В дальнейшем пропасть между ними только расширялась. При этом вина за разрыв лежит не на одном Вагнере с его эгоцентризмом и тиранией. Ницше мало чем отличался от старшего друга. В своих сочинениях и письмах Ницше, как и Вагнер, предстает сплошь состоящим из противоречий и сводит личные счеты, доводя собственные обиды до общечеловеческих масштабов.
Так, например, по поводу «Парсифаля», окончательно поставившего крест на отношениях Вагнера и Ницше (лично они не встречались с ноября 1876 года), последний писал художнику и писателю Рейнгарду фон Зейдлицу (Seydlitz
) 4 января 1878 года, после получения фрагментов партитуры и недавно вышедшей из печати поэмы: «Вчера ко мне прибыл присланный Вагнером „Парсифаль“. Впечатление от первого прочтения: скорее Лист, чем Вагнер, дух контрреформации.
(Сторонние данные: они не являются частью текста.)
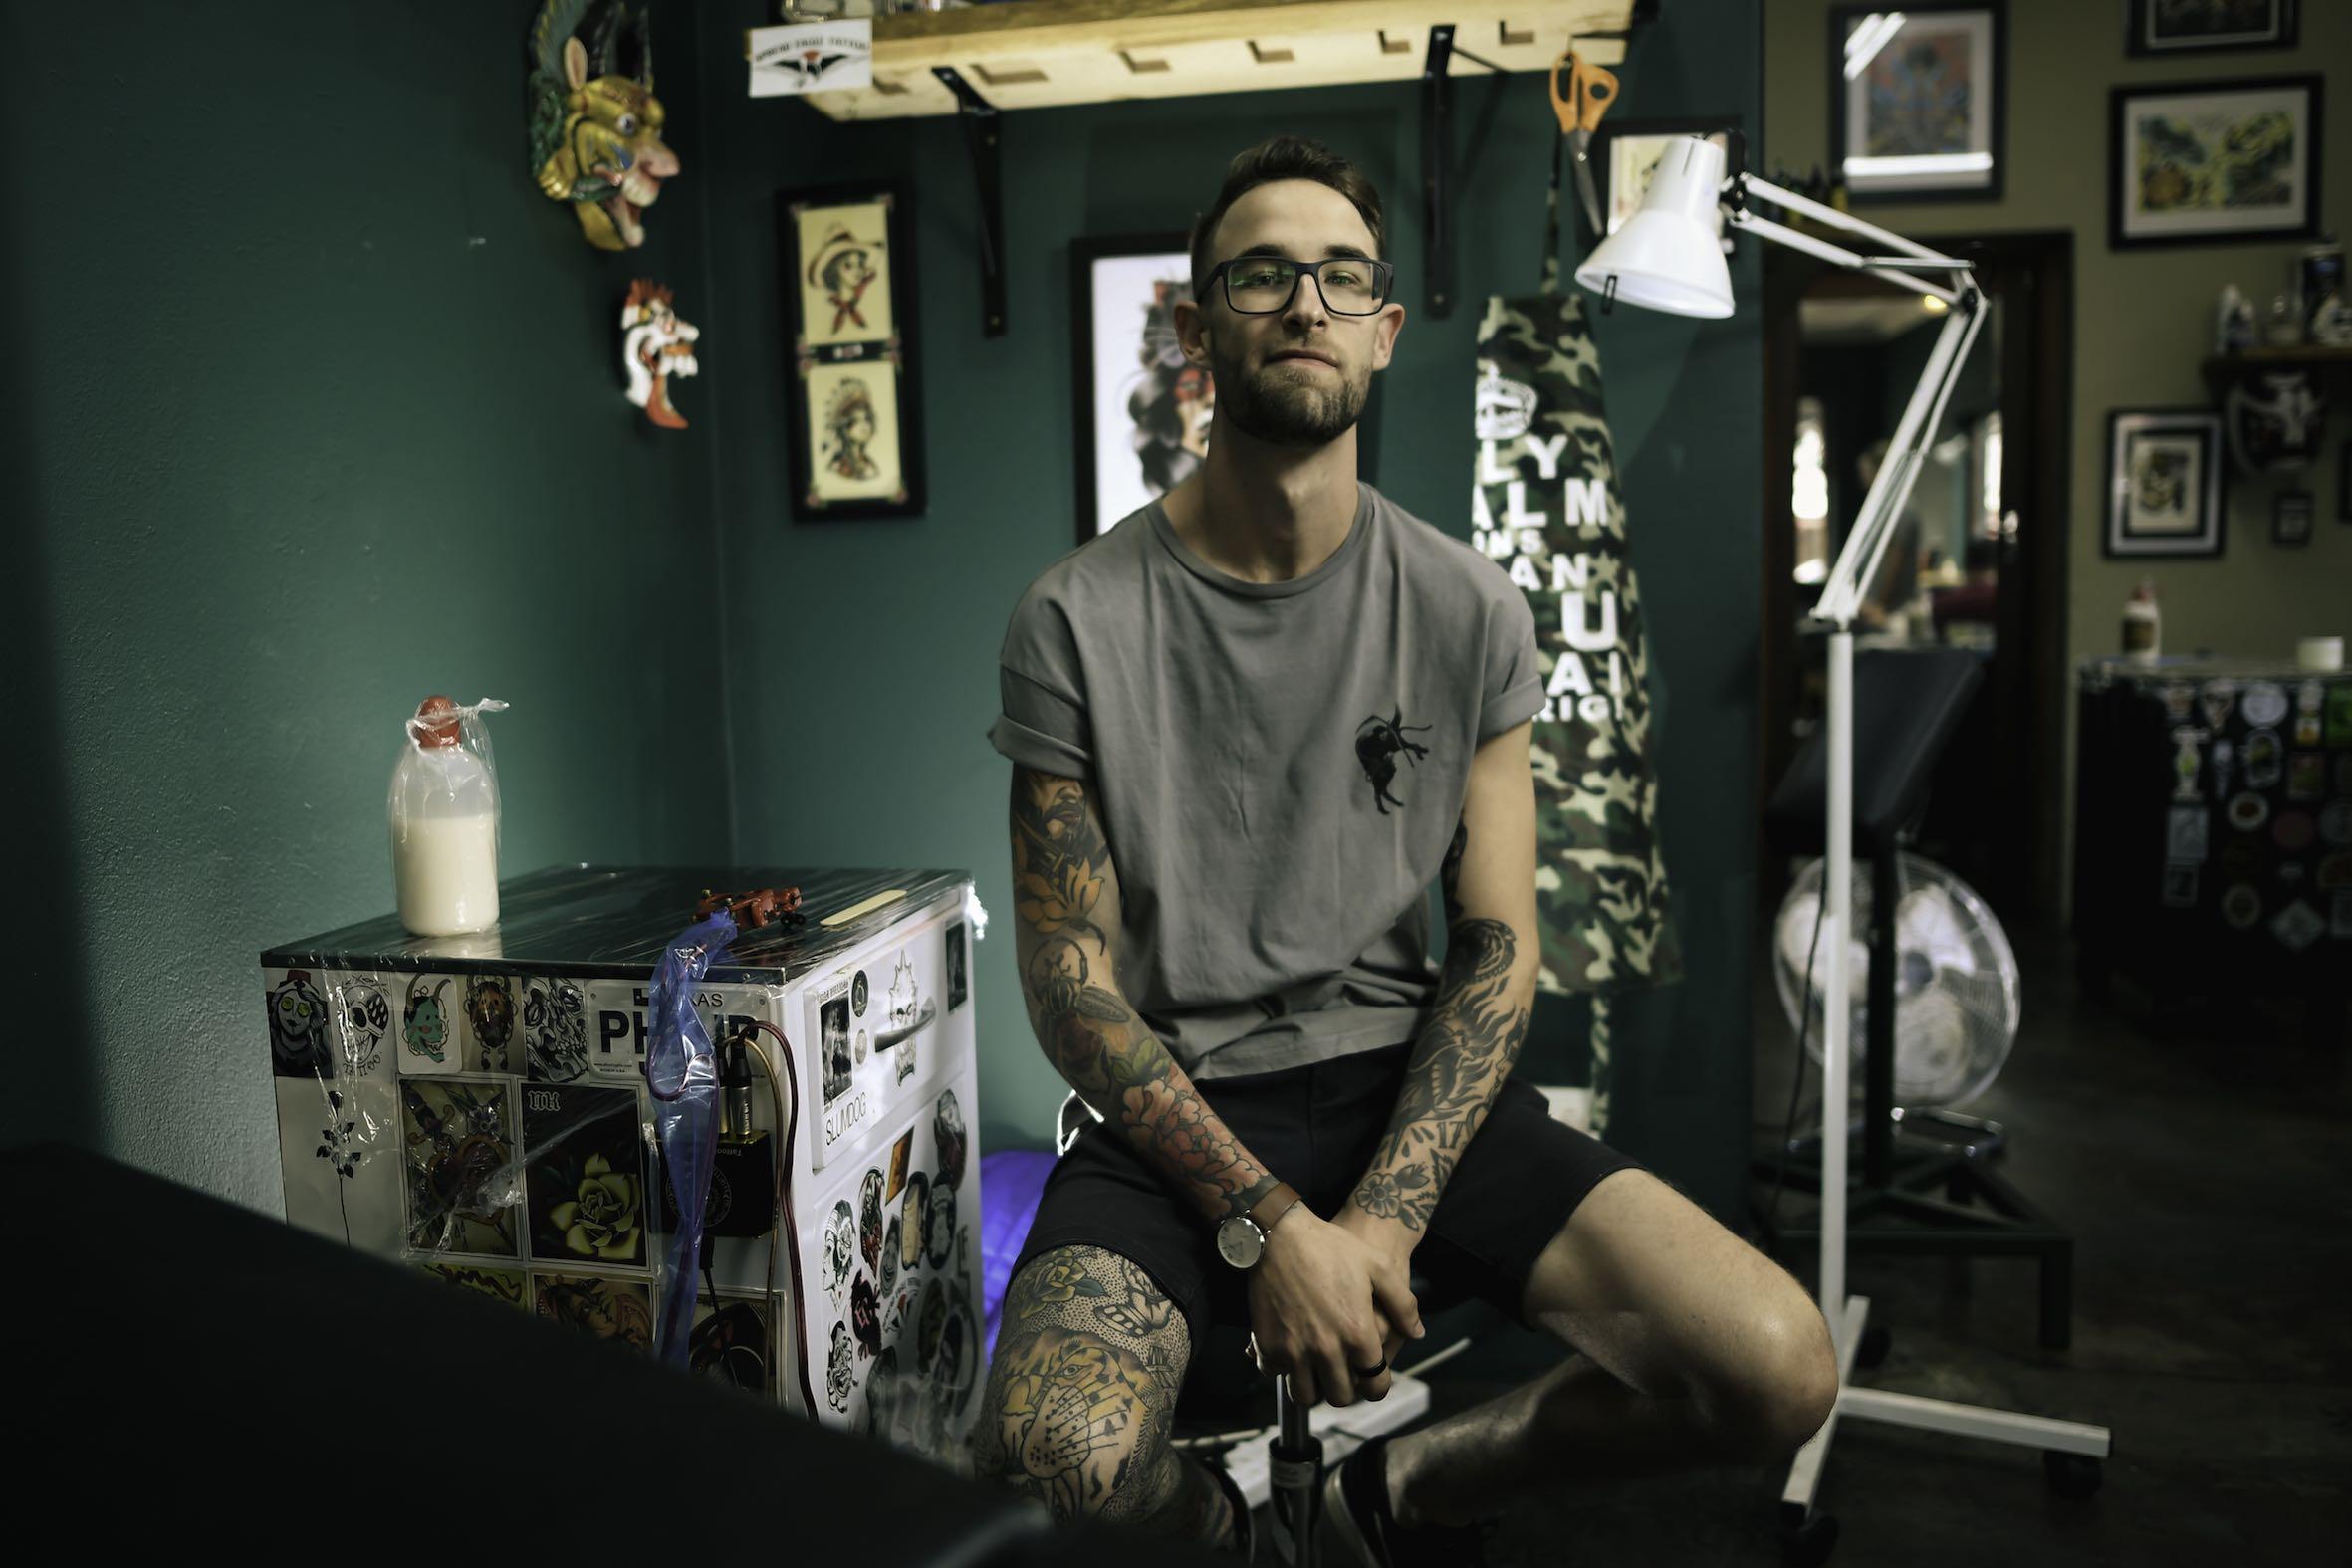 Meet Phillip Wells as our Tattoo Artist of the Week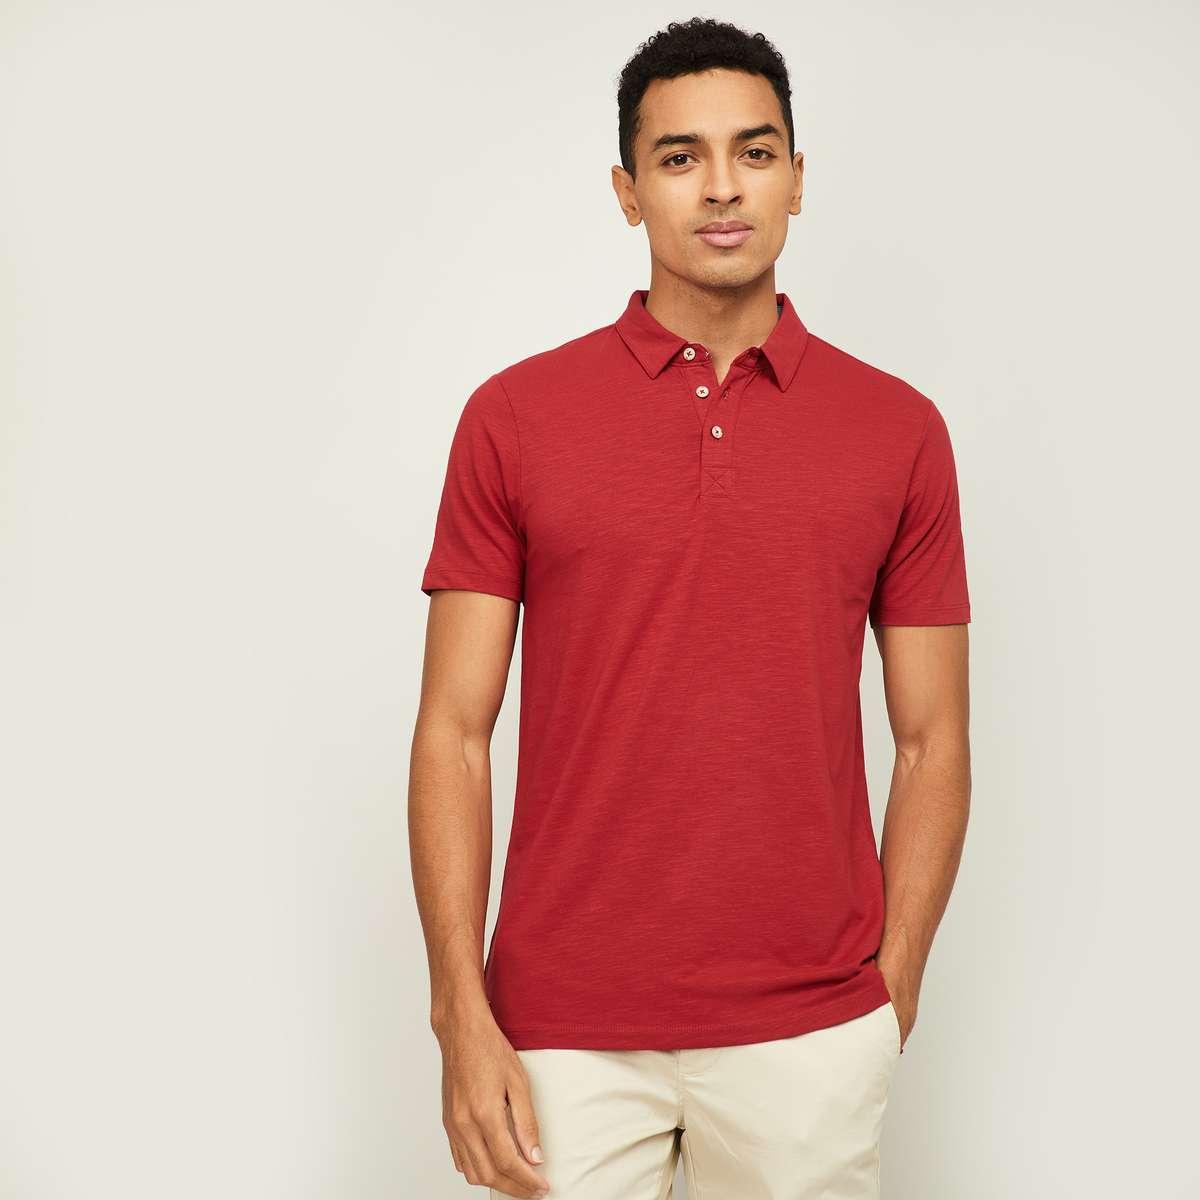 6.FORCA Men Solid Regular Fit Polo T-shirt

Для меня, слишком привыкшего к греческому, человечески всеобщему (вспомним, что именно такими рисовались идеалы искусства будущего и самому Вагнеру, в частности в его „Искусстве и революции“. — М. З.), всё это чересчур ограничено христианской эпохой; психология сугубо фантастическая; никакой плоти и чересчур много крови (в особенности во время причастия чрезмерная, на мой вкус, наблюдается полнокровность); кроме того, я не люблю истеричных баб… Однако ситуации и их последовательность — разве это не высочайшая поэзия? Разве это не последний вызов музыки?»[480] А вот письмо Ницше своему другу-композитору Генриху Кёзелицу (Köselitz) от 21 января 1887 года: «На днях я впервые услышал вступление к „Парсифалю“… создавал ли Вагнер что-либо лучшее!.. Подобное есть только у Данте и больше нигде. Найдем ли мы хоть у одного живописца такой печальный взор любви, какой нарисовал Вагнер последними акцентами своей увертюры?»[481]